__EXERCISE OBJECTIVE__: When you write out the listing below, keep each word exactly as it stands and drop the pictures.

__STORED DATA__:
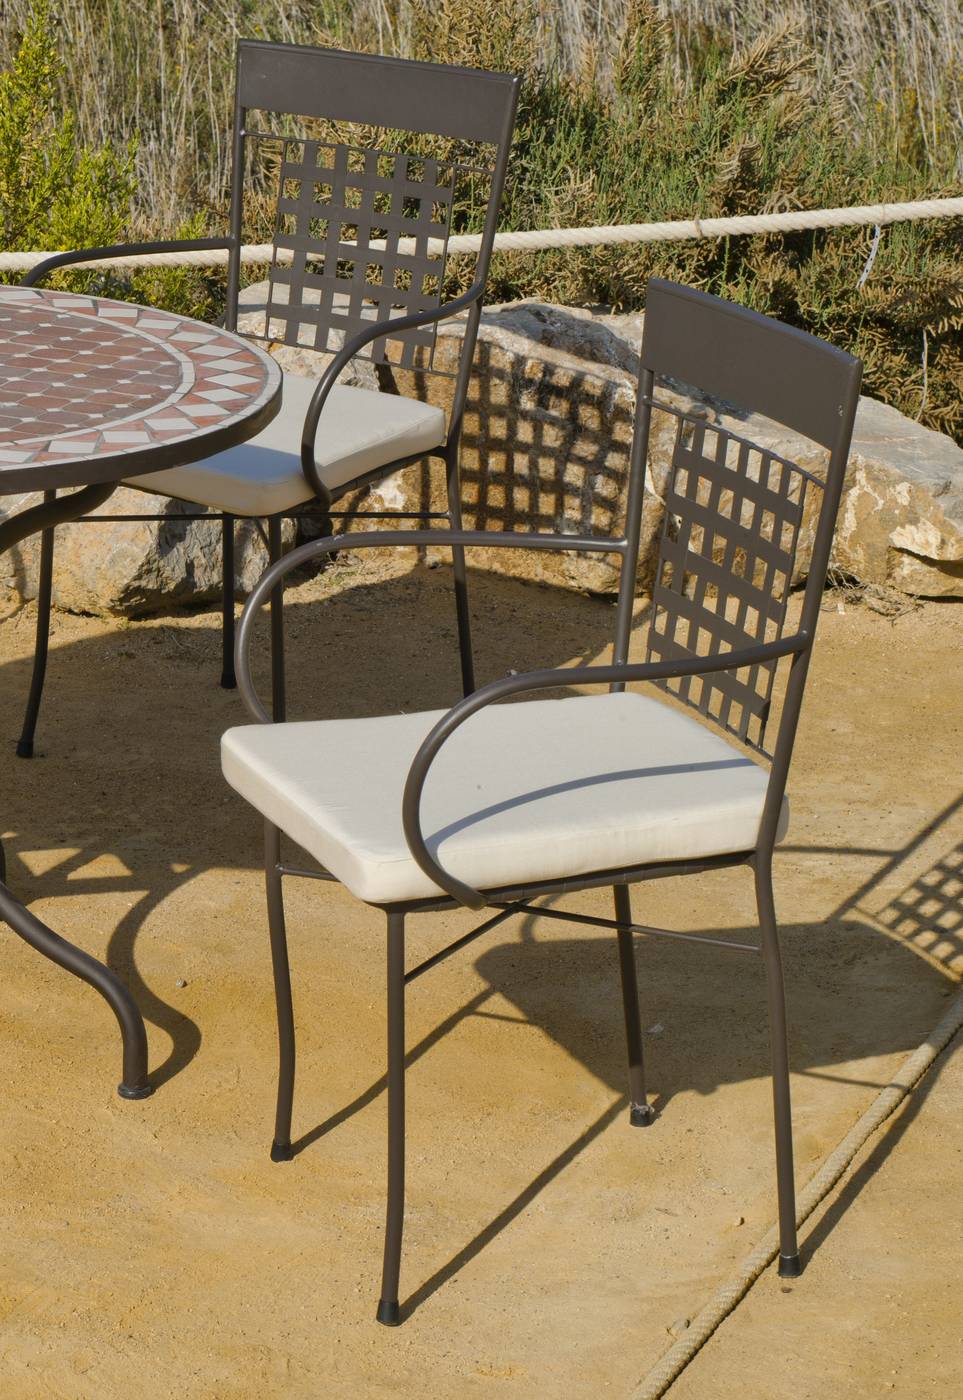 Set Mosaico Adriana/Vigo-150 - Conjunto para terraza o jardín de forja: 1 mesa + 4 sillones + 4 cojines. Mesa válida para 6 sillones.
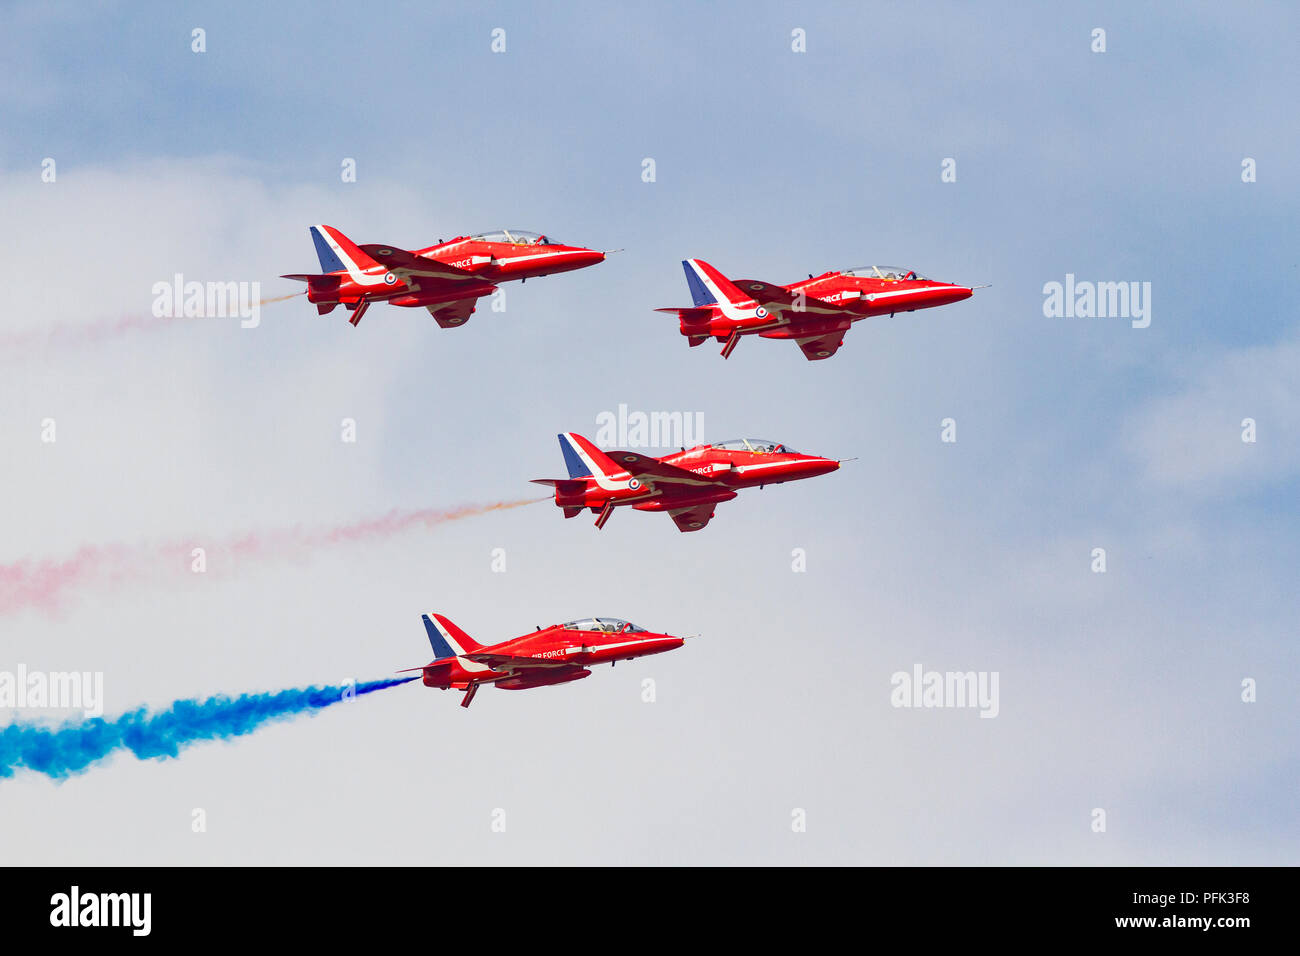 Les flèches rouges de la Royal Air Force l'affichage de la scène de l'équipe de voltige aérienne à Blackpool Banque D'Images
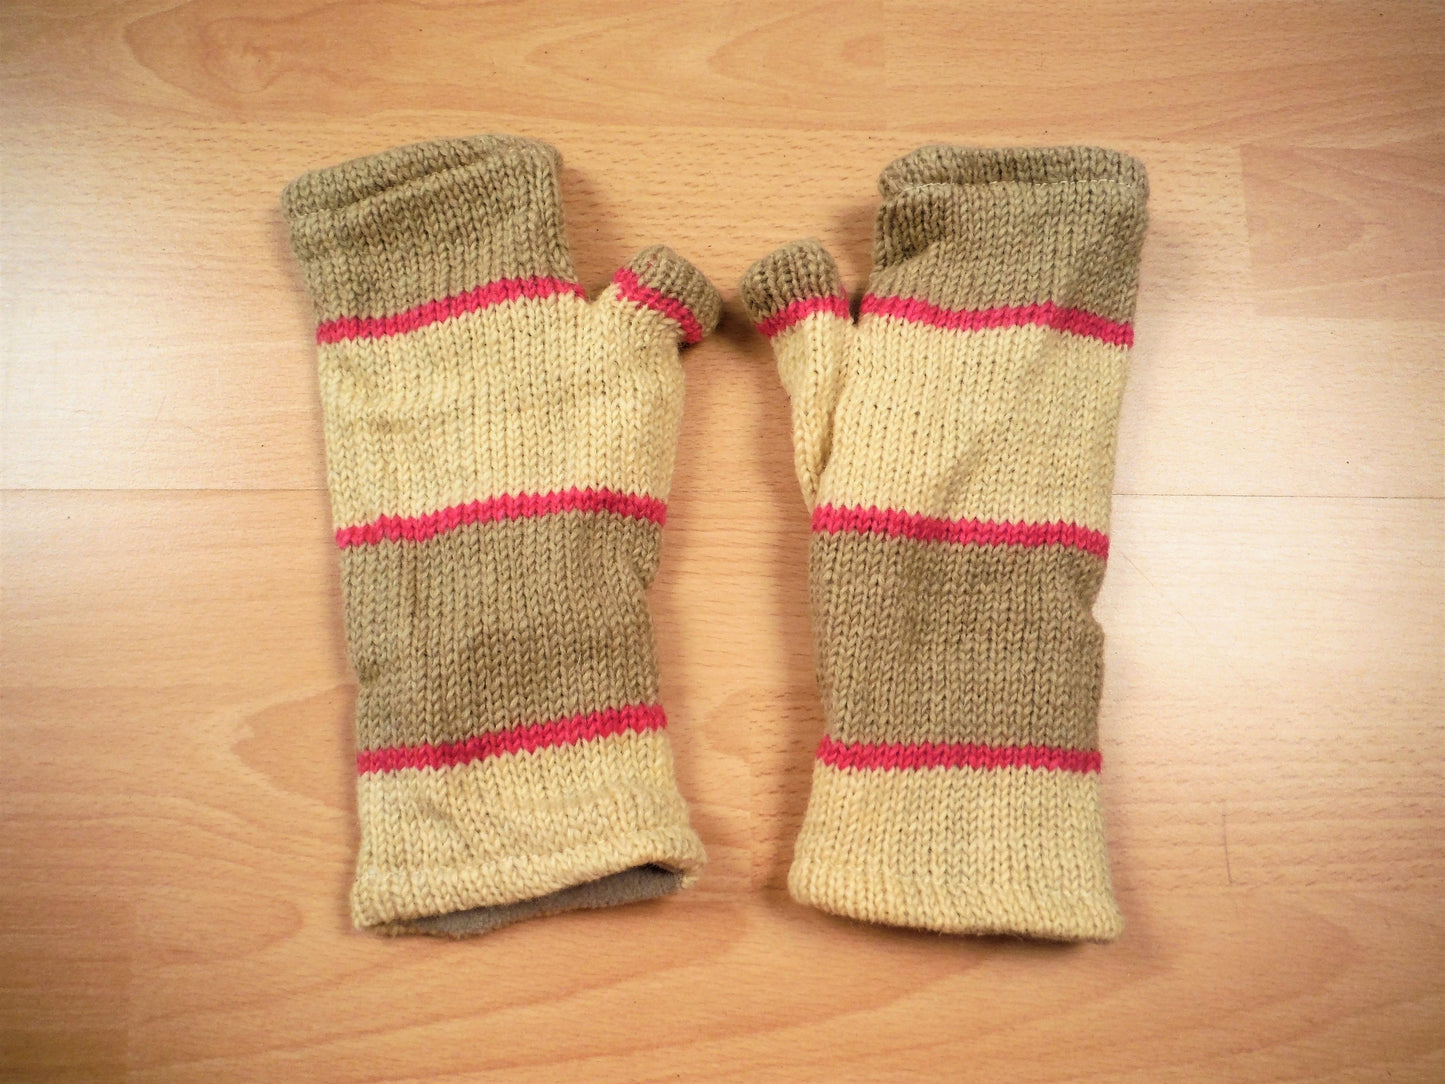 Chauffe-poignets tricotés doublés de polaire - Rayé crème et rose (coupe ample)

__SOLVED PROBLEM__:
 Set Mosaico Adriana/Vigo-150 - Conjunto para terraza o jardín de forja: 1 mesa + 4 sillones + 4 cojines. Mesa válida para 6 sillones.
 Les flèches rouges de la Royal Air Force l'affichage de la scène de l'équipe de voltige aérienne à Blackpool Banque D'Images
 Chauffe-poignets tricotés doublés de polaire - Rayé crème et rose (coupe ample)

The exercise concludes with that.